--- Data shown ---
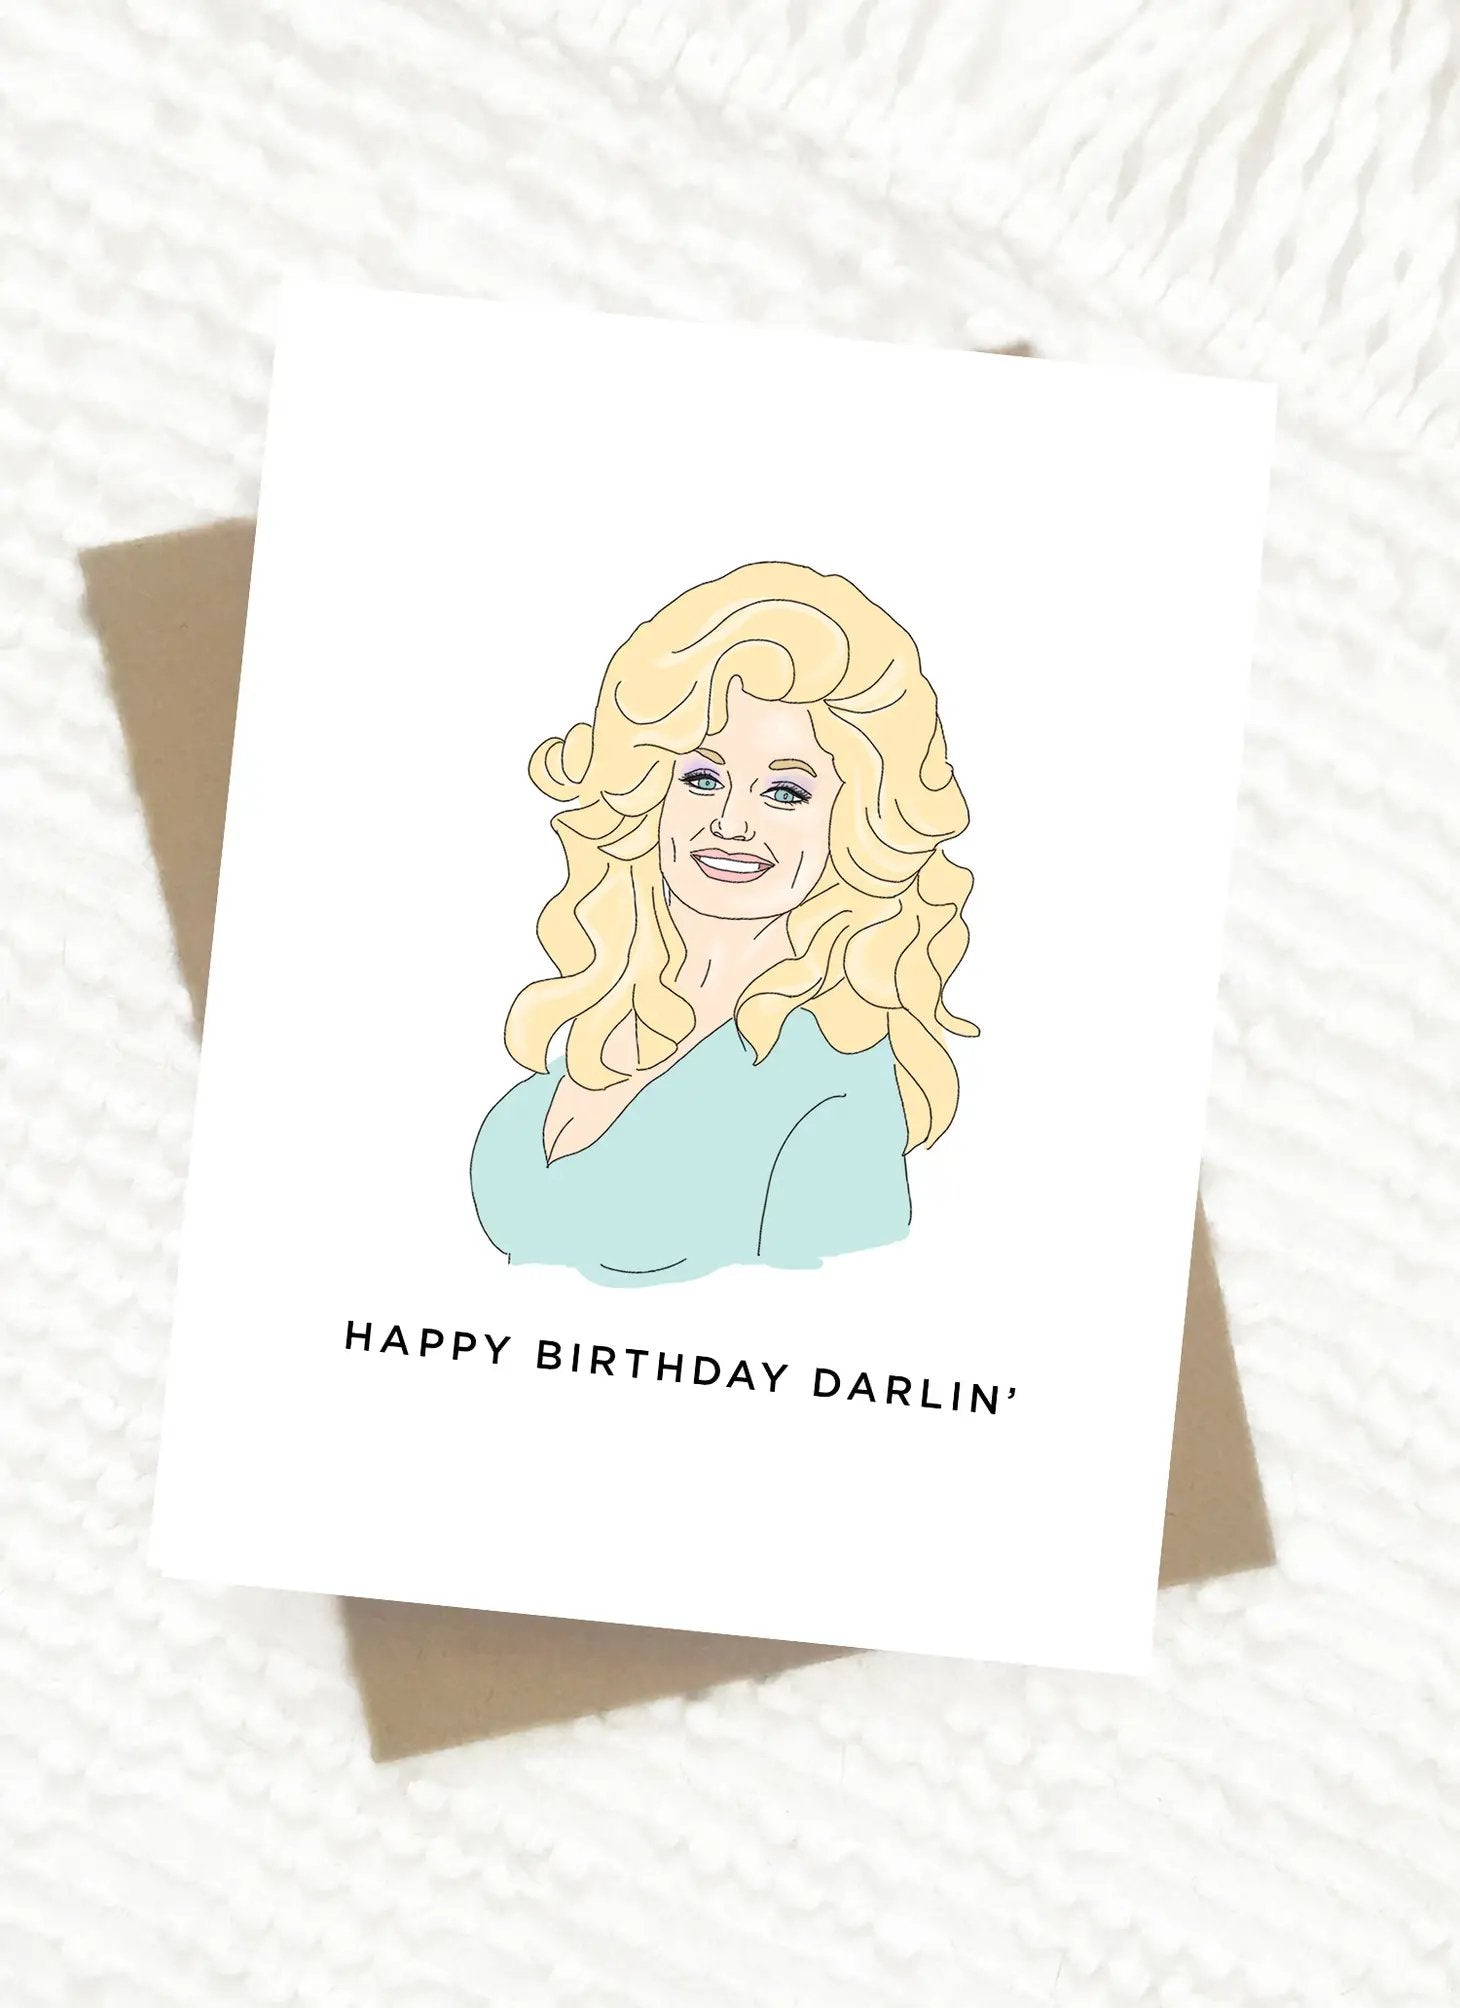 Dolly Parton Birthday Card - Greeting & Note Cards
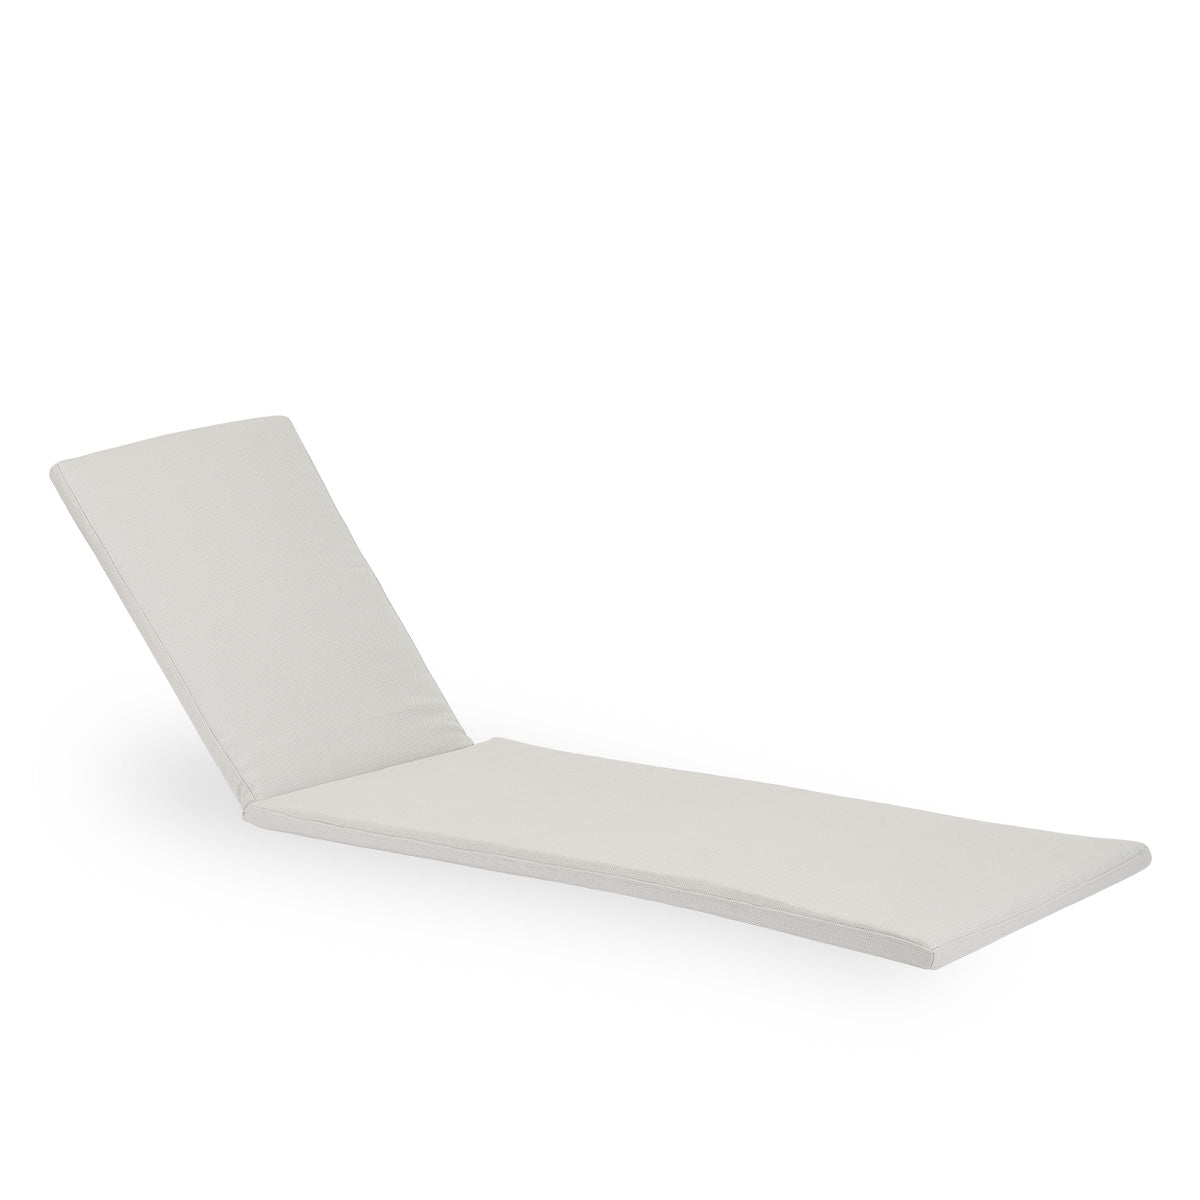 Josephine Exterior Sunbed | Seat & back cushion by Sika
* * *
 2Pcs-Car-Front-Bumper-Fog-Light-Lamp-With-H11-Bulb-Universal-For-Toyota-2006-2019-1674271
---
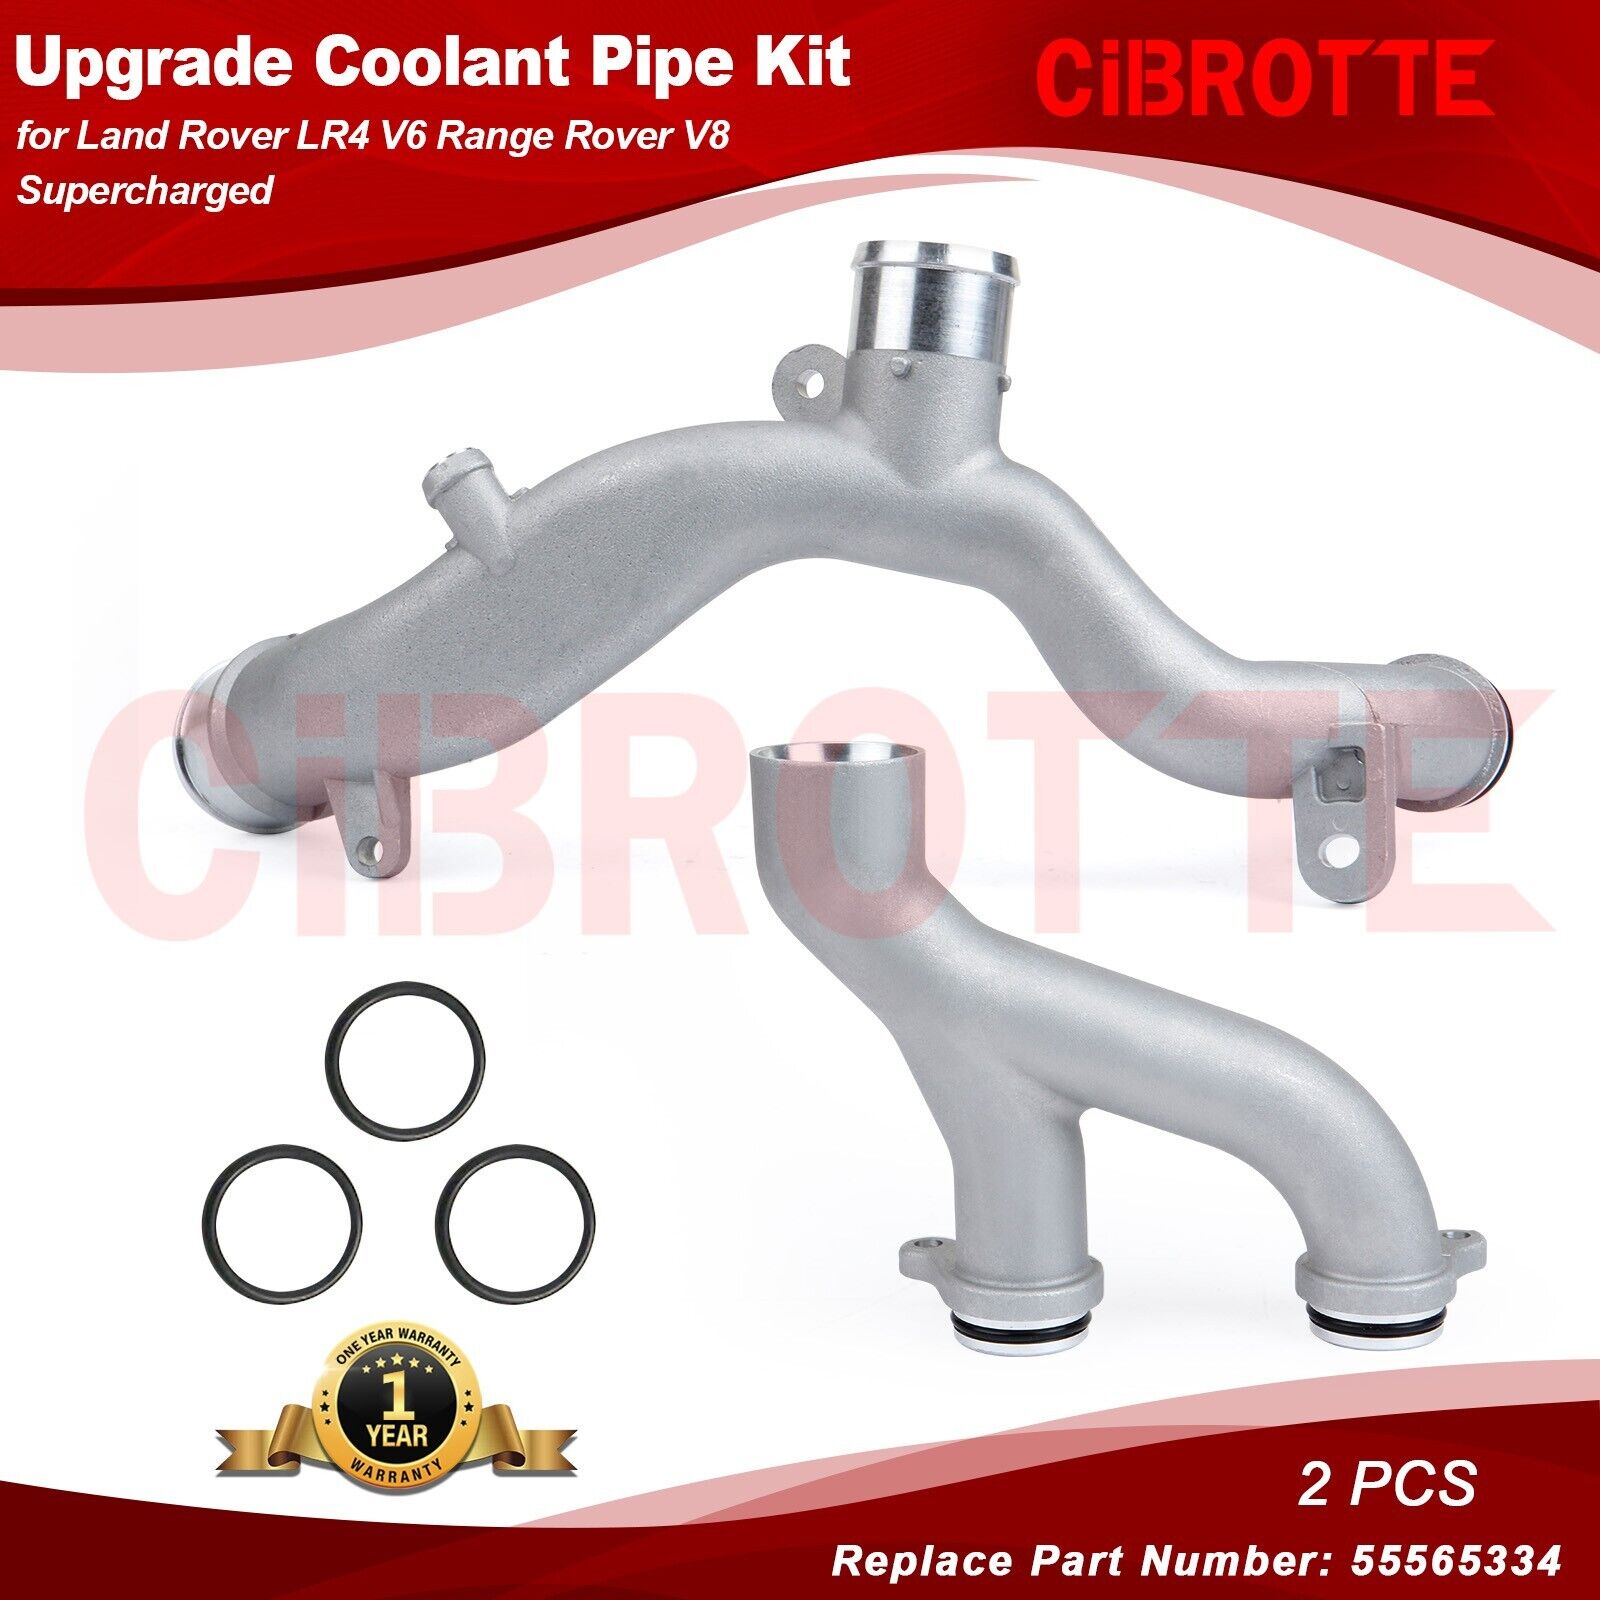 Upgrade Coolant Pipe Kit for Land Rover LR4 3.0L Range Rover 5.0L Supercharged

--- Work item ---
Copy everything above from the line holding "Dolly Parton Birthday" down to the line holding "Josephine Exterior Sunbed", both ends included, exactly as it stands and without the pictures.

--- Expected output ---
 Dolly Parton Birthday Card - Greeting & Note Cards
 Josephine Exterior Sunbed | Seat & back cushion by Sika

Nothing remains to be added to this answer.